Ce que doit apporter l’ADUO 2
Le projet est présenté comme une évolution du V6 067/6 avec un turbocompresseur revu et des modifications de la chambre de combustion. Un carburant Shell adapté à cette spécification doit également être introduit à Monza. Ces éléments doivent fonctionner ensemble : l’objectif ne se limite pas à augmenter la puissance maximale, mais aussi à modifier la courbe de délivrance et l’efficacité globale.
Motorsport.com évoque un gain attendu d’environ 15 chevaux, ainsi qu’une amélioration de la phase de recharge hybride. Ce chiffre demeure une estimation rapportée, sans confirmation officielle publique de Ferrari. Il ne peut pas être converti automatiquement en temps au tour, car le résultat dépendra de l’exploitation, des réglages et des conditions de piste.
Le terme ADUO peut prêter à confusion. La FIA mesure le retard du moteur thermique, mais les modifications autorisées peuvent toucher plusieurs composants de l’unité de puissance, dont le turbo, certains éléments électriques, le MGU-K, l’électronique de contrôle ou les systèmes de refroidissement prévus par le règlement.
Pourquoi Monza est un test sévère
Les longues accélérations de Monza placent la puissance thermique au premier plan. Dans le même temps, les occasions de récupérer de l’énergie sont moins nombreuses que sur un circuit composé de freinages rapprochés. La qualité de la recharge et du déploiement électrique peut donc modifier la performance sur l’ensemble d’une ligne droite.

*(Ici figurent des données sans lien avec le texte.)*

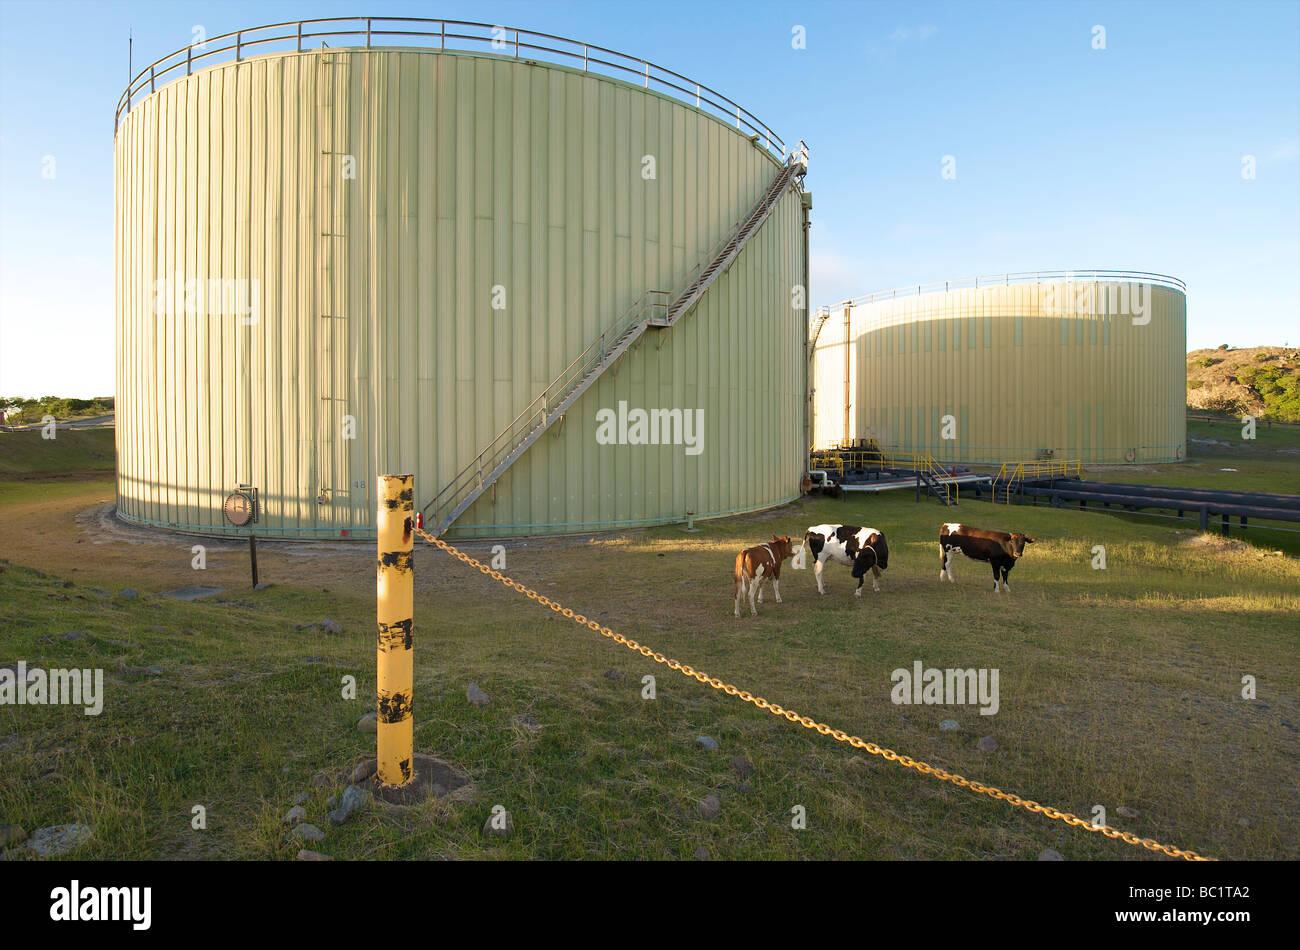 Sint Eustatius terminals of Statia Oil - Stock Image

Une courbe de puissance plus exploitable pourrait aider Ferrari à rapprocher son moteur de Mercedes tout en évitant un déficit trop marqué à la fin des longues phases d’accélération. Mais Monza mettra aussi en évidence les limites aérodynamiques et mécaniques de la SF-26 ; le moteur ne sera qu’une partie de l’équation.

Un gain qui ne garantit pas la victoire
Même si la validation est obtenue, Ferrari n’aborde pas automatiquement son Grand Prix à domicile en favorite. Les caractéristiques annoncées de la voiture et la forme de Mercedes imposent de mesurer les attentes. La priorité réaliste serait de réduire l’écart en qualifications et de mieux défendre la performance sur les longues lignes droites.
Le week-end sera également marqué par la livrée hommage à Michael Schumacher. Cette dimension symbolique ne change pas le calendrier technique : l’équipe ne montera la nouvelle spécification que si les essais d’endurance et l’approbation finale offrent un niveau de confiance suffisant.
Ce qu’il faut retenir
Le moteur Ferrari Monza 2026 est assemblé pour Leclerc et Hamilton, mais son engagement reste conditionnel. Ferrari attend le feu vert de la validation d’endurance. Le turbo, la combustion et le carburant doivent évoluer, avec un gain d’environ 15 chevaux rapporté mais non confirmé officiellement. La décision finale est attendue avant l’expédition des pièces vers le Grand Prix d’Italie.
Sources : Motorsport.com France, Motorsport.com, Formula1.com, FIA et guide ADUO de la FIA.